A Grande Fome de Mao

A história da catástrofe mais devastadora da China, 1958-62

Frank Dikötter

Por: Reginaldo Cresencio

15/12/2025

Em A Grande Fome de Mao, o historiador Frank Dikötter oferece um dos relatos mais sólidos, dolorosos e necessários sobre uma das maiores tragédias humanitárias do século XX. A obra analisa o período do chamado "Grande Salto Adiante" (1958–1962), política conduzida por Mao Tsé-Tung que pretendia transformar rapidamente a China em uma potência industrial e agrícola, mas que resultou em uma fome de proporções catastróficas, levando à morte dezenas de milhões de pessoas.

A força do livro está no rigor documental. Dikötter baseia sua pesquisa em arquivos oficiais do Partido Comunista Chinês, relatórios locais, correspondências internas e testemunhos que só se tornaram acessíveis décadas depois. Esses documentos revelam que a fome não foi consequência de desastres naturais inevitáveis, como durante muito tempo se afirmou oficialmente, mas resultado direto de decisões políticas ideologicamente orientadas, da centralização extrema do poder e da recusa sistemática em reconhecer a realidade.

O autor descreve como metas irreais de produção agrícola, coletivização forçada, confisco de alimentos, punições severas a camponeses e a criminalização da verdade criaram um ambiente de medo e silêncio. Autoridades locais, pressionadas a demonstrar sucesso, falsificavam dados, enquanto populações inteiras eram privadas do mínimo necessário para sobreviver. A propaganda oficial falava de progresso, enquanto a população enfrentava fome extrema, colapso social e degradação da dignidade humana.

Um dos aspectos mais perturbadores da obra é a demonstração de como o regime tratou o sofrimento humano como um custo aceitável para a manutenção do poder e da ideologia. O livro expõe a lógica desumana de sistemas totalitários que, ao absolutizarem um projeto político, reduzem pessoas a números, estatísticas ou instrumentos descartáveis. Nesse contexto, a verdade torna-se inimiga, e a vida perde seu valor intrínseco.

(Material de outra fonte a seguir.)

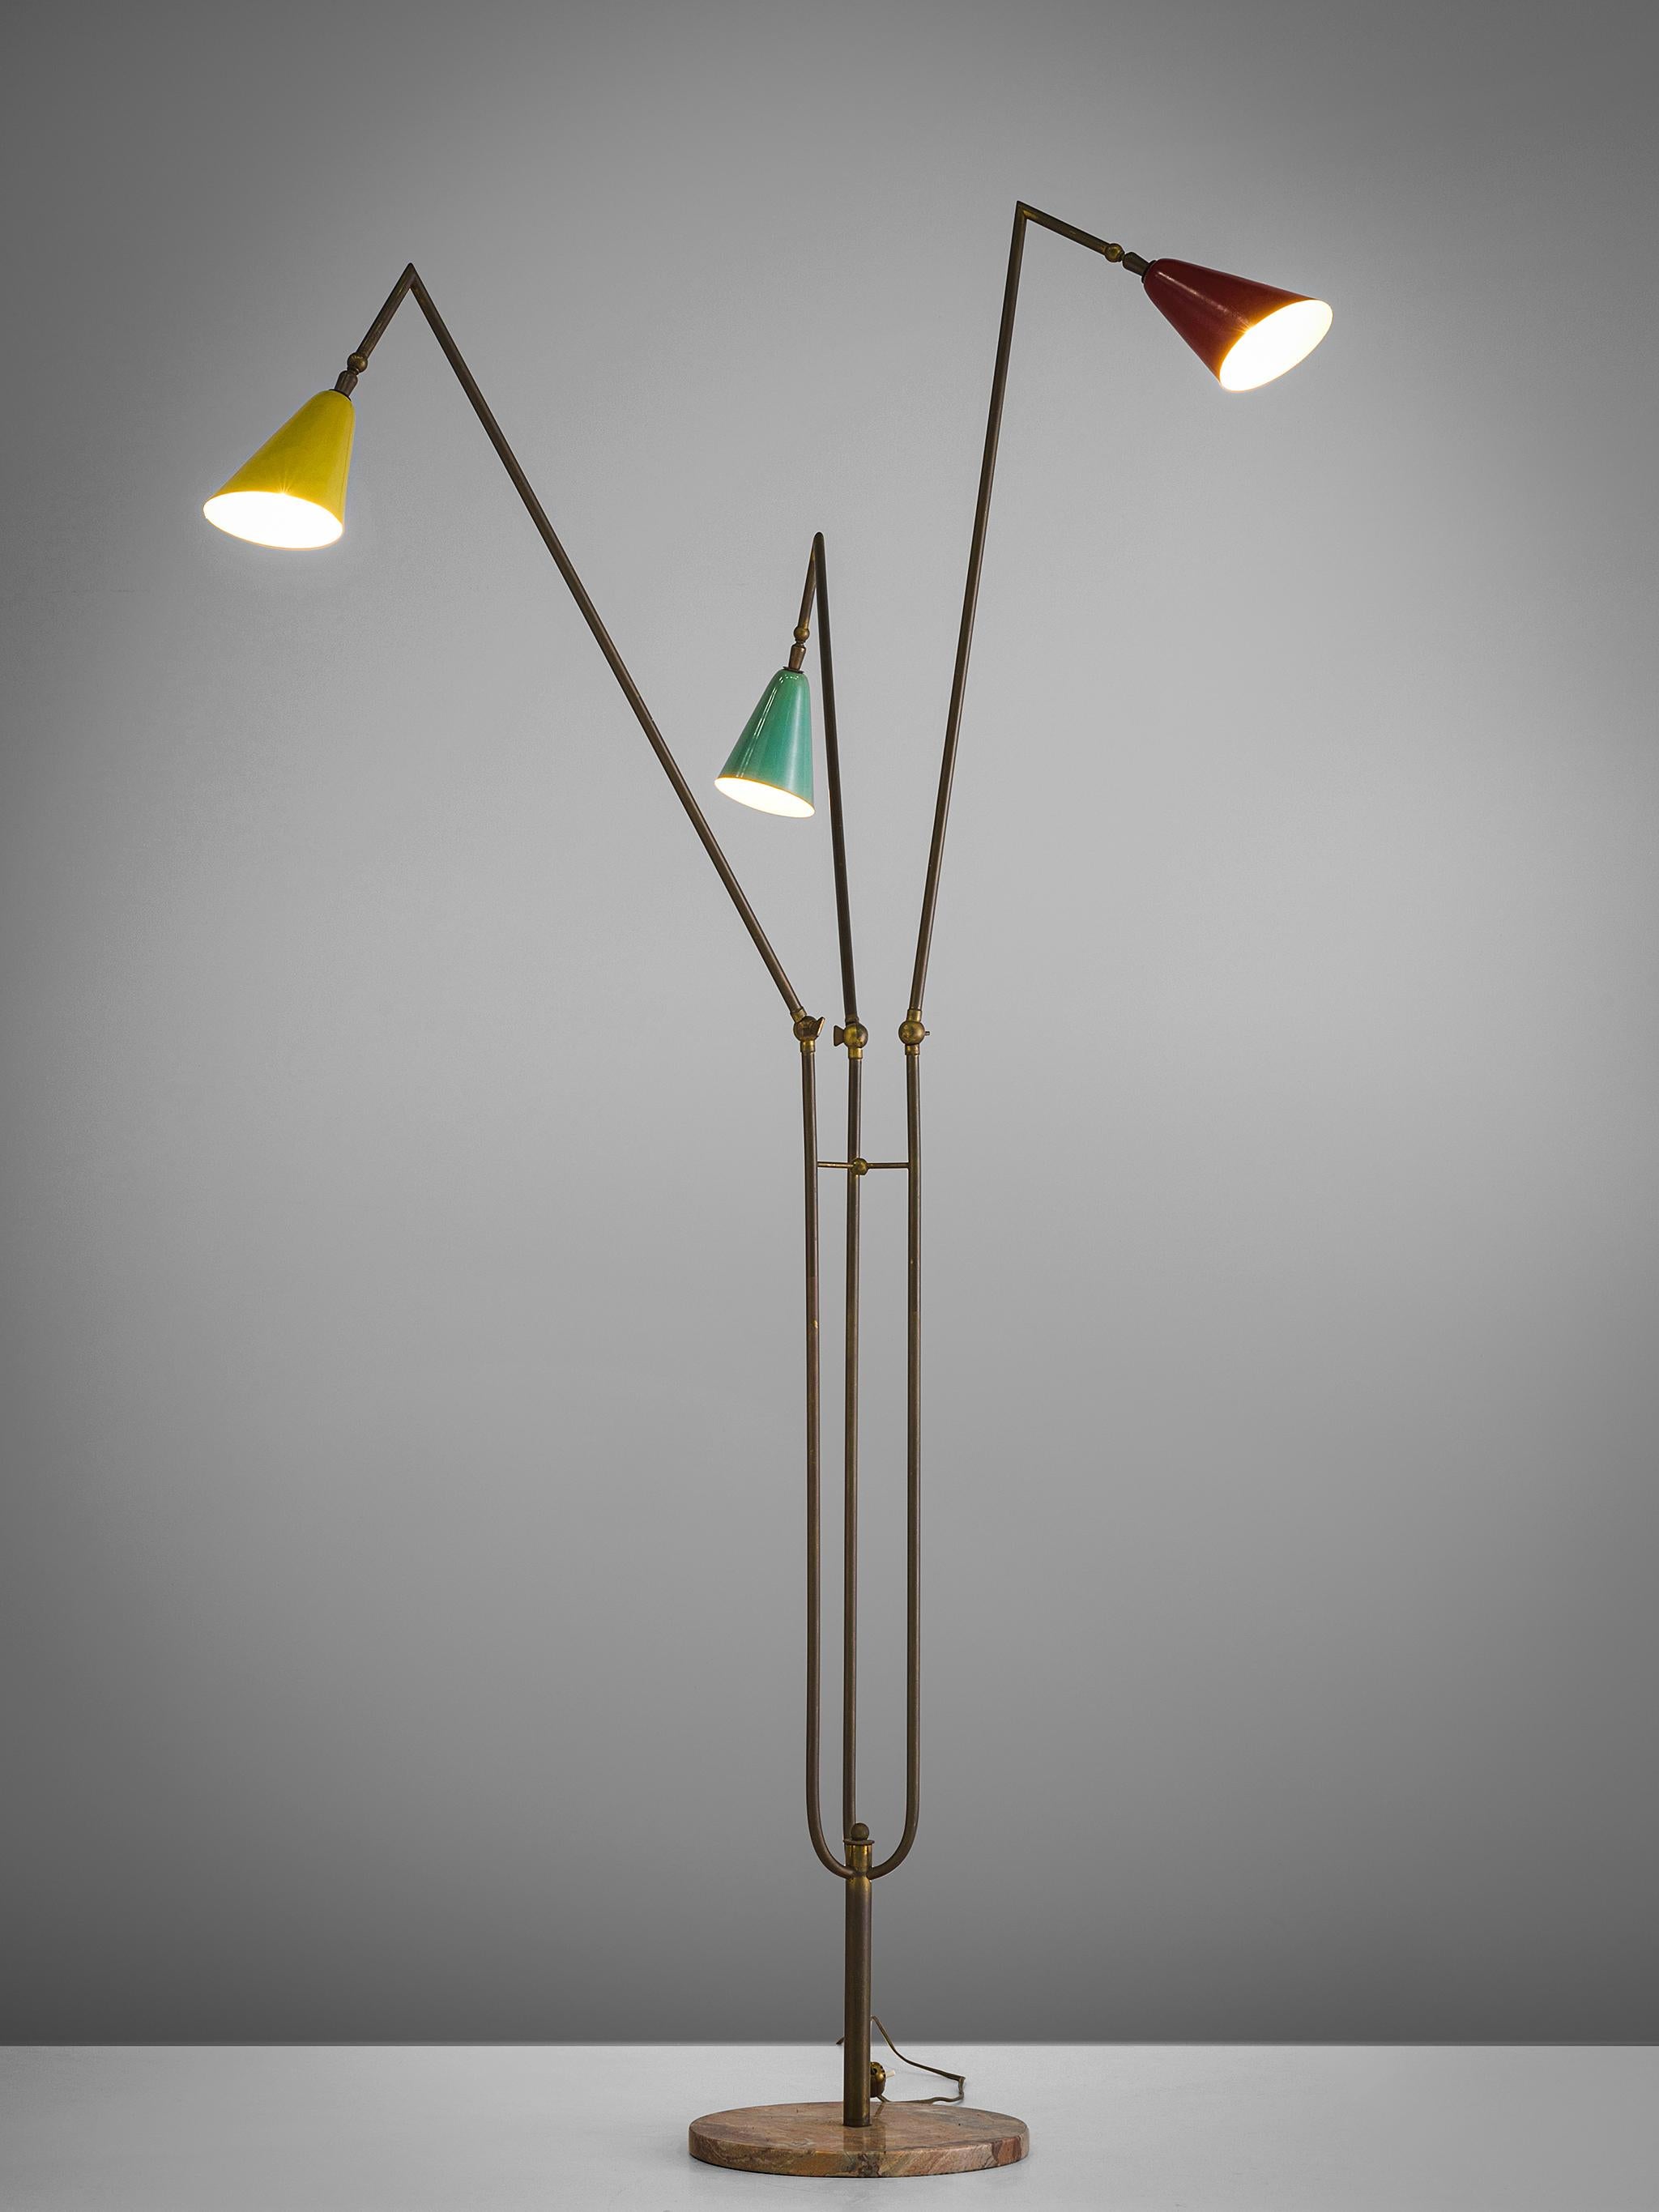 Floor lamp with colored shades in green, yellow and red metal, brass and marble, Italy, 1950s.

This floor lamp is built up of one pedestal pink marble foot from which one brass stem arises that sprout into three arms. The arms each end in a metal

Para além da análise histórica, A Grande Fome de Mao é um profundo alerta moral. A leitura nos confronta com os perigos de qualquer sistema que concentra poder sem limites, silencia vozes dissonantes e se coloca acima de princípios éticos básicos. À luz da fé cristã, o livro nos lembra da importância da dignidade da vida humana, criada à imagem de Deus, e da responsabilidade daqueles que exercem autoridade sobre outros.

Do ponto de vista pastoral, esta obra nos chama à sobriedade, à compaixão e à vigilância espiritual. A história narrada por Dikötter nos lembra de forma contundente do que acontece quando a verdade é sacrificada, quando a consciência é silenciada e quando Deus é excluído do horizonte moral da sociedade. Onde o homem se coloca como medida absoluta de todas as coisas, a vida humana rapidamente se torna descartável.

Como igreja, somos chamados a aprender com a história, a cultivar discernimento e a não nos deixarmos seduzir por promessas de progresso que desprezam princípios éticos e espirituais. O evangelho nos ensina que toda autoridade deve ser exercida com temor a Deus, que a verdade deve ser preservada mesmo quando custa caro e que o cuidado com o próximo é inegociável.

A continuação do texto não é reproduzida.